Lauri made certain she was well-prepared beforehand in order to get the most she could out of her residency:
"I had a project I wanted to work on while I was there, a new novel. Before I went I made sure all of my pre-work was done: character bibles, a plot map, chapter outlines. I also got about halfway through the rough draft before leaving. My plan was to complete the rough draft of the novel while in Egypt and I did manage to do that.
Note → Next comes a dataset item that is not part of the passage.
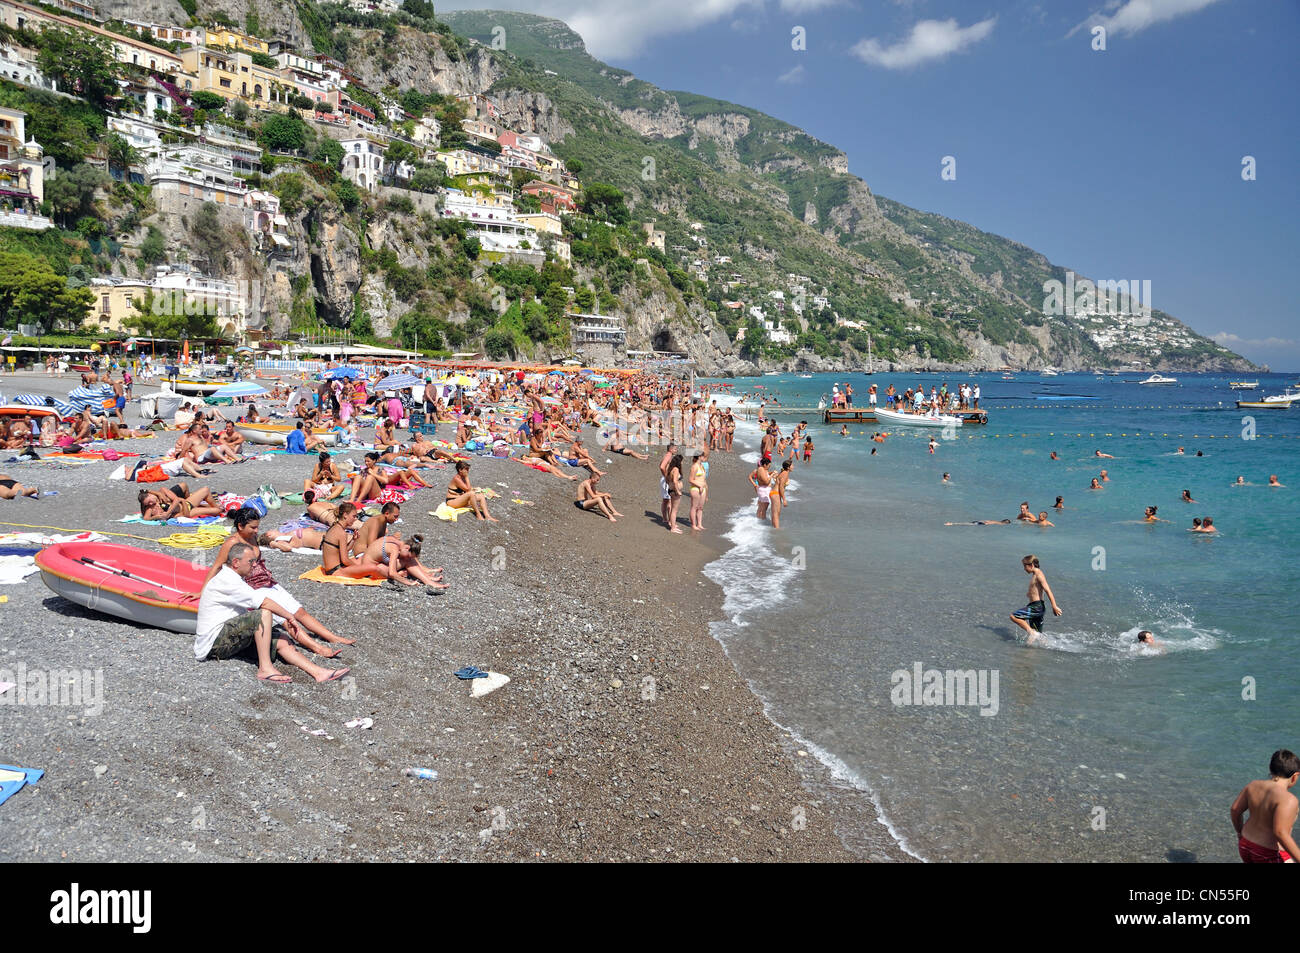 Beach scene Positano Italy Stock Photo

"I do think it is vital for someone going on a residency to be very clear about what they want to accomplish there. I think since I had a set amount of work I intended to complete I used my time fairly efficiently. It’s easy to get distracted especially in a beautiful place like El Gouna Egypt - I had a beach outside my window, imagine."
There are numerous elements to weigh up for writers thinking of applying for a writers’ residency. The place where you write can have a dramatic affect on your writing.
"I realise I am lucky as a writer in many ways. I live in a quiet village in Botswana with few distractions. I have my own office away from the house where I write. In Egypt I was suddenly with other writers from all over the world. We were five writers in all but the women in the group were the interesting ones and the ones I connected with - from Italy, UK, and America. I’m isolated being in Botswana and contact with flesh and blood writers is rare. That connection I hadn’t anticipated. I only later realised how important that had been to me, once I was home. In Egypt sometimes I felt guilty spending time with these women and not writing - it was a writing residency, wasn’t it? But now I’ve come to the conclusion that we all get what we must from such experiences. At home I have lots of quiet writing time and I don’t get interaction with writers. Others on the residency have hectic jobs and lives that give them very little quiet time for writing; the residency gave them that. We all got what we needed, not necessarily what we thought we needed, at least in my case.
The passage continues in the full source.